As described above in detail, the semiconductor memory of the present invention is provided with a diode circuit that generates a voltage drop approximately equal to the voltage drop of a load circuit including a clamp diode of a memory cell as a read/write control circuit, and transfers the voltage drop to an emitter follower. Since the circuit is configured to generate a resistance across a resistance having a low resistance value, it has the effect of widening the tolerance range of the on-voltage of the clamp diode and shortening the transition time between reading and writing. There is. Therefore, according to the present invention, a semiconductor memory having a read/write control circuit capable of high-speed operation with high yield can be obtained.

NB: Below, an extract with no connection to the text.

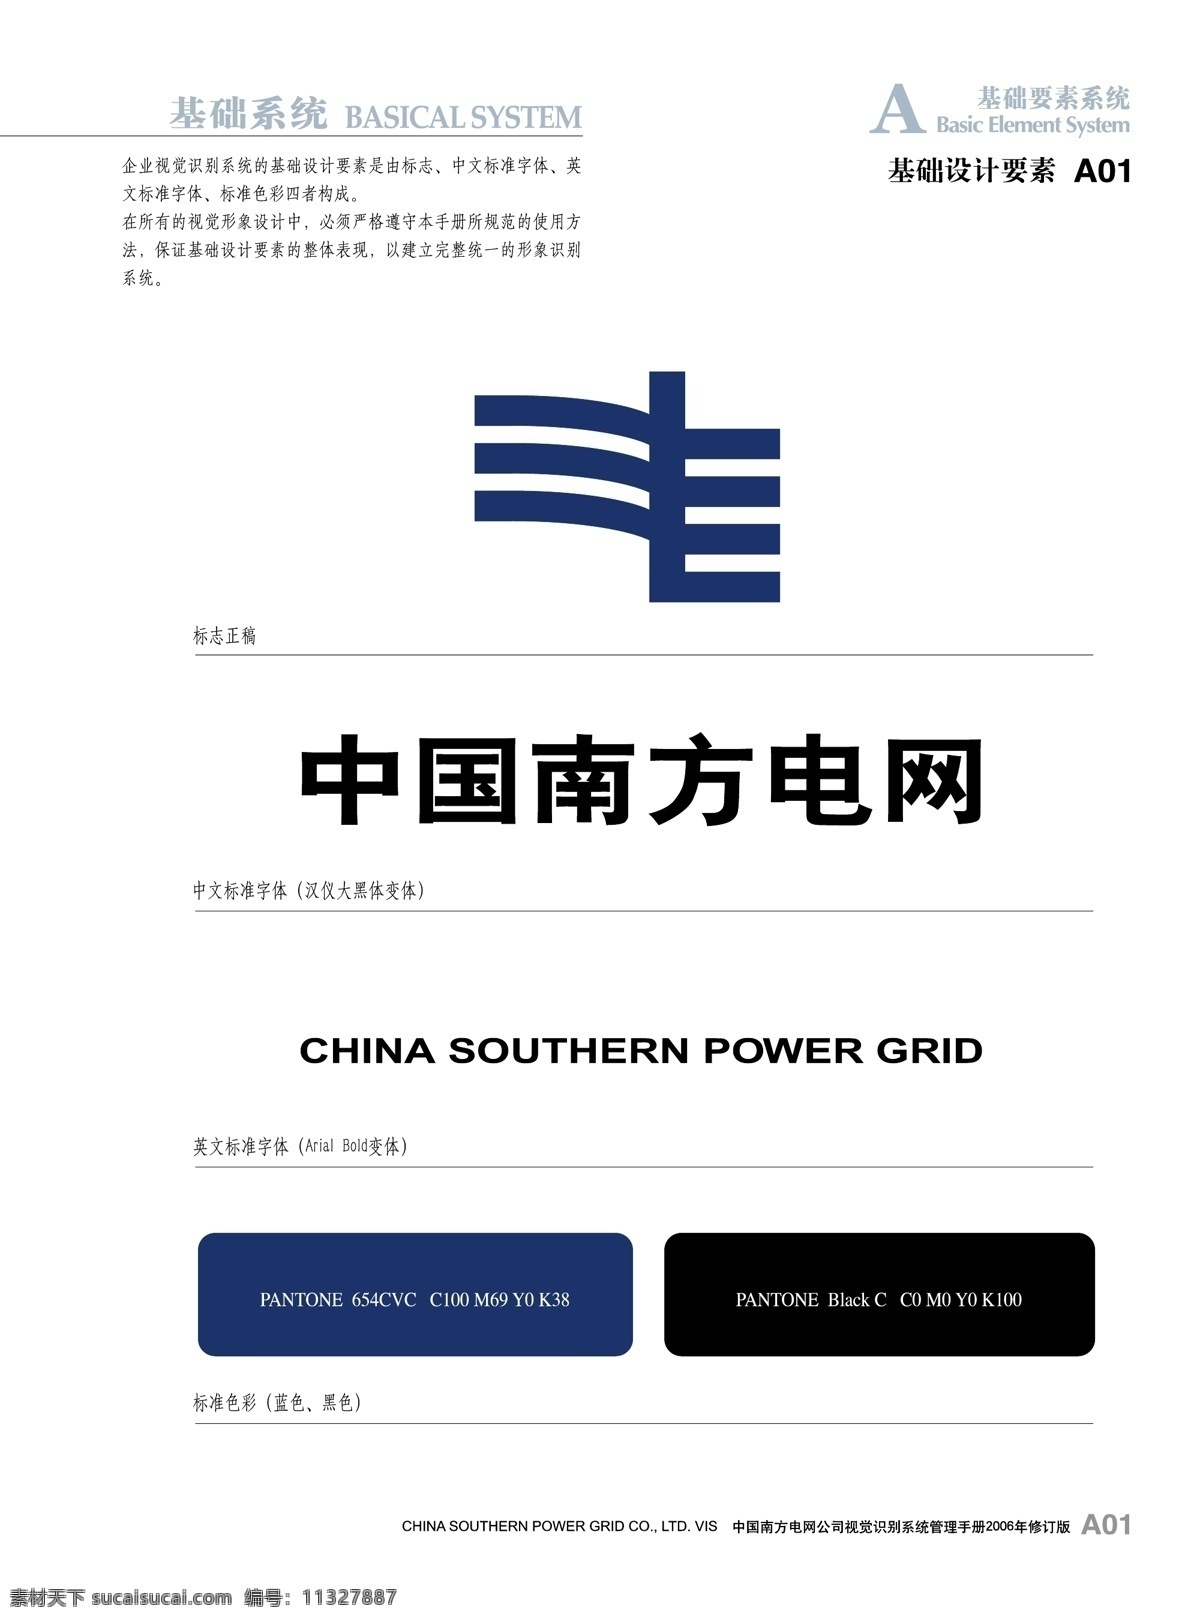 中国南方电网 基础要素系统 电网 标识 企业 vi logo 标志图标 标志

[Brief explanation of drawings]

FIG. 1 and FIG. 2 respectively show the first embodiment of the present invention. A circuit diagram showing the main parts of the second embodiment, and FIGS. 3 and 4 are circuit diagrams showing the main parts of the conventional example. 1) C1, DC2, D) Ll... Schottky diode, Di-42... Diode, 1)
i) C...Diode circuit, IHI, IH2,
IHn, ISI, IS2. IWR, IWO. IWI... Constant current source, MCI, MC2, MC
n...Memory cell, Ql, Q2. QCl, QC
2,QI(,0,Ql(,1,QWO,QWI,QW
OO, QWIO, QWTI. QWT2. QWTn-...NPN type transistor,
RBl, RCI, RC2,f(, Jl(, WOo
, 1-LWIO, R-E...Resistance, RWC...
...Read/write control circuit, 8A...Sense amplifier, vCC...[Source, WTI, WT2
゜WTn...Selection terminal. Agent: Susumu Uchihara, Patent Attorney, Pa.)゛. -1)

Claims (3)

[Claims] (1) In a semiconductor memory having a memory cell array in which a plurality of memory cells are arranged, and a read/write control circuit that controls reading and writing by switching the read current of a selected memory cell in the memory cell array, The control circuit includes a first diode that causes substantially the same voltage drop as a load circuit including a clamp diode of the selected memory cell by flowing the same current as the read current, and one end of the control circuit is connected to a first power source. a second diode having a cathode connected to the other end of the diode circuit and an anode connected to the first node; one end connected to the first node and the other end connected to a second power source; a first resistor whose base is connected to the first resistor;
a first transistor whose emitter is connected to the first power supply via a second resistor and whose collector is connected to the second node; the base is connected to the comparison input terminal and the emitter is connected to the second node; are connected to the third node, a first constant current source whose one end is connected to the first power supply and the other end is connected to the second node, and one end of which is connected to the third node. a third resistor whose other end is connected to the second power supply at the node, and whose base is a signal input terminal when writing "1" and whose emitter is commonly connected to the signal input terminal when writing "0", and which is connected to the second node. third and fourth transistors whose collectors are connected to the fourth and fifth nodes, respectively, one ends of which are commonly connected to the third node, and the other ends of which are connected to the fourth and fifth nodes, respectively; fourth and fifth resistors, the base of which is connected to the fourth node, the emitter of which is connected to the first power source via a second constant current source, and the collector of which is connected to the first output terminal of the fourth node; fifth transistors each connected to a power supply; a base connected to the fifth node; an emitter connected to the first power supply via a third constant current source; and a collector connected to the second output terminal. A semiconductor memory comprising: sixth transistors each connected to a power source. (2) The semiconductor memory according to claim (1), wherein the diode circuit comprises the first diode alone or a sixth resistor connected in parallel with the first diode. (3) The semiconductor memory according to claim (1), wherein the ratio of the resistance values of the third resistor and the second resistor is 0.5.